Open the HTML Formatter
About HTML to JSX Converter
The HTML to JSX Converter turns a block of HTML into JSX you can drop straight into a React component. It renames the attributes React insists on — class becomes className and for becomes htmlFor — camelCases the rest (tabindex → tabIndex, colspan → colSpan), and self-closes void elements like br, img, and input so the markup is valid. Inline style="color:red" strings are parsed into style={{ color: 'red' }} objects with camelCased properties, and HTML comments become JSX comments. Flip on the component option to wrap everything in an exported function. It is built for developers porting a design, an email template, or a static page into React.

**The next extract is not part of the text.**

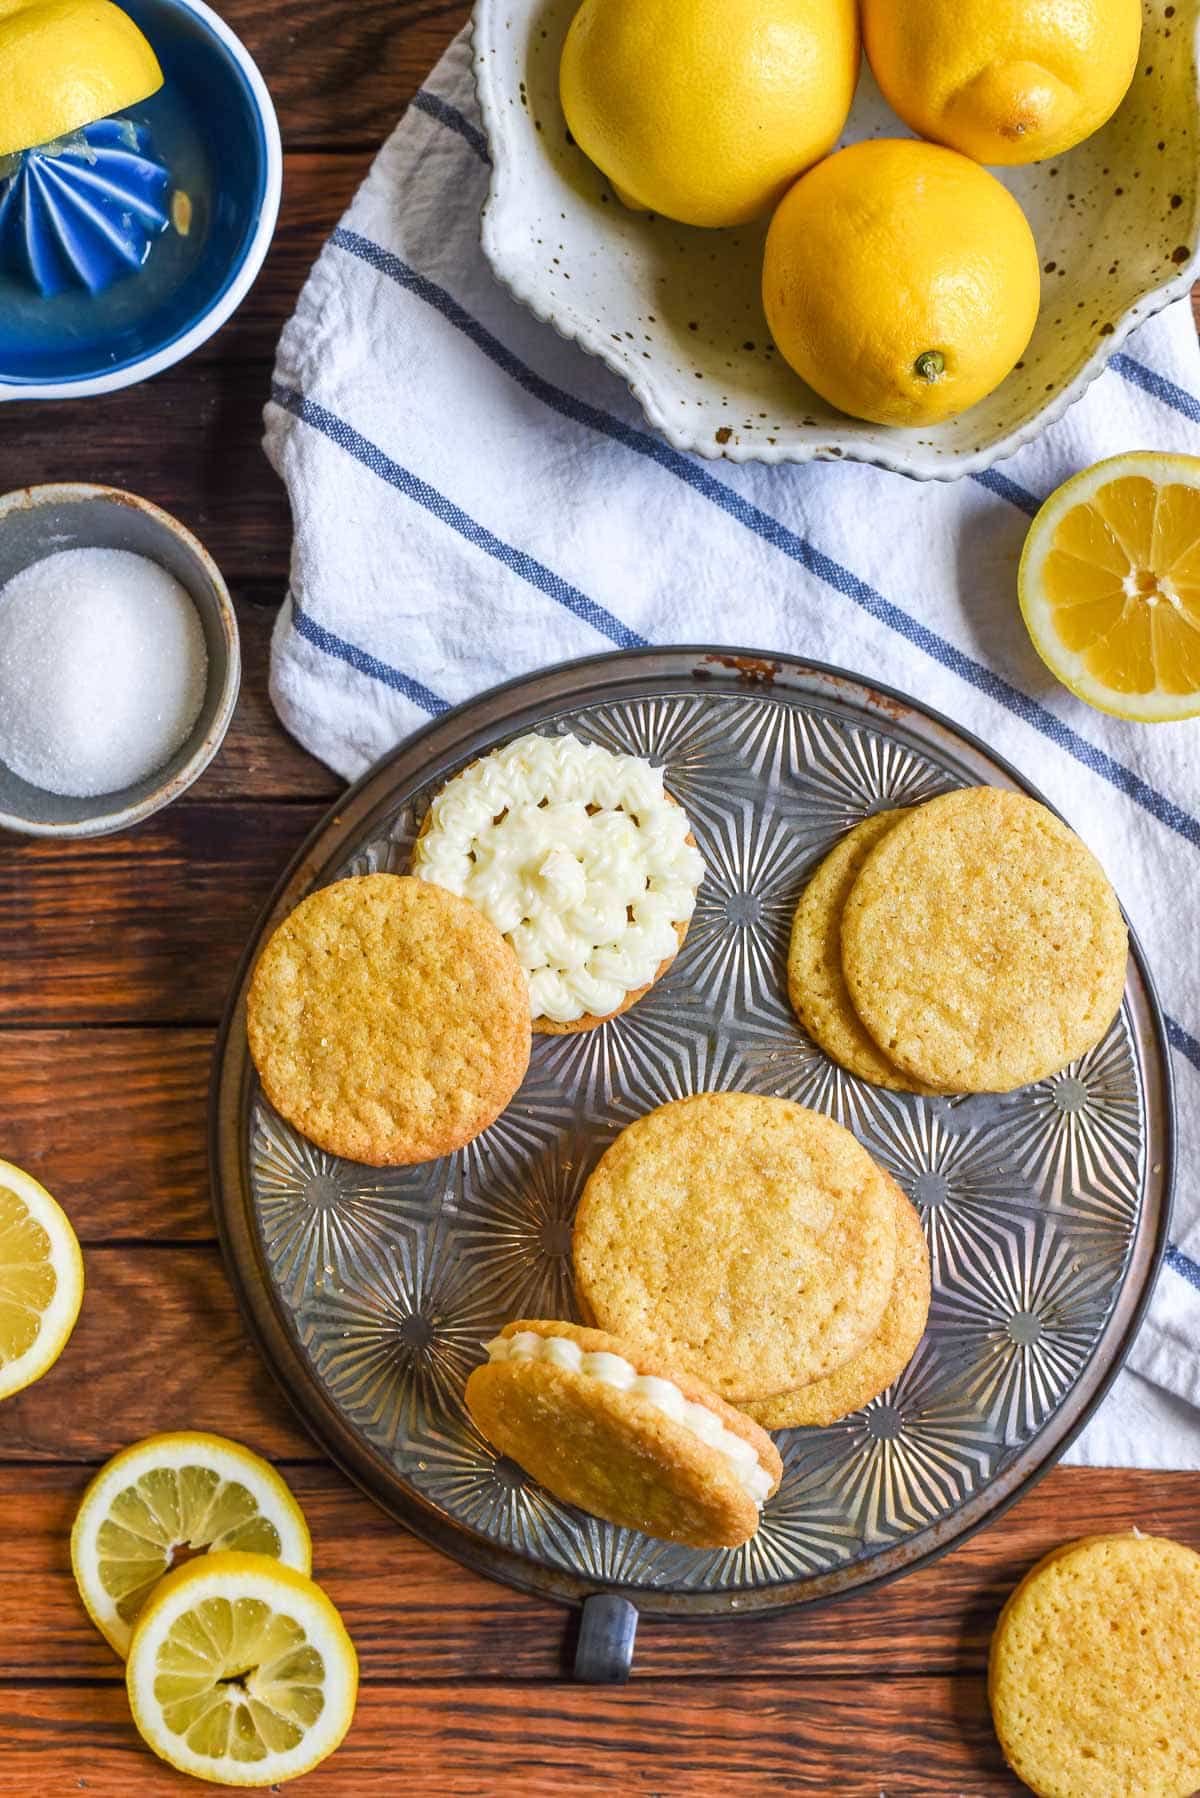 Lemon Sandwich Cookies are a lemon lovers dream! Soft and chewy lemon sugar cookies are sandwiched around a zingy lemon cream cheese filling for the ultimate spring cookie!

Every conversion runs in your browser — the markup you paste never leaves your device.
Features
- Renames class to className and for to htmlFor automatically
- Self-closes void elements like br, img, input, and hr
- Converts inline style strings into camelCased style objects
- camelCases known attributes: tabindex to tabIndex, colspan to colSpan
- Rewrites HTML comments into JSX comment syntax
- Keeps data-* and aria-* attributes and boolean props intact
- Optionally wraps the result in an exported React function component
- Copy the JSX or download it as a .jsx file, all in your browser
How to use the HTML to JSX Converter
- Paste your HTML into the input box on the left
- Read the converted JSX in the output panel on the right
- Toggle 'Wrap in component' and name it to get a ready-to-use component
- Copy the JSX or download it as a .jsx file
Example
Input
<label for="name" class="lbl" tabindex="0">Name</label>
<input type="text" required>
Output
<label htmlFor="name" className="lbl" tabIndex="0">Name</label>
<input type="text" required />
for becomes htmlFor, class becomes className, tabindex becomes tabIndex, and the void <input> self-closes.
Common errors & troubleshooting
- React warns that 'class' is an invalid DOM property or attribute. — Run the HTML through the converter — it renames every class to className (and for to htmlFor) so the warning disappears.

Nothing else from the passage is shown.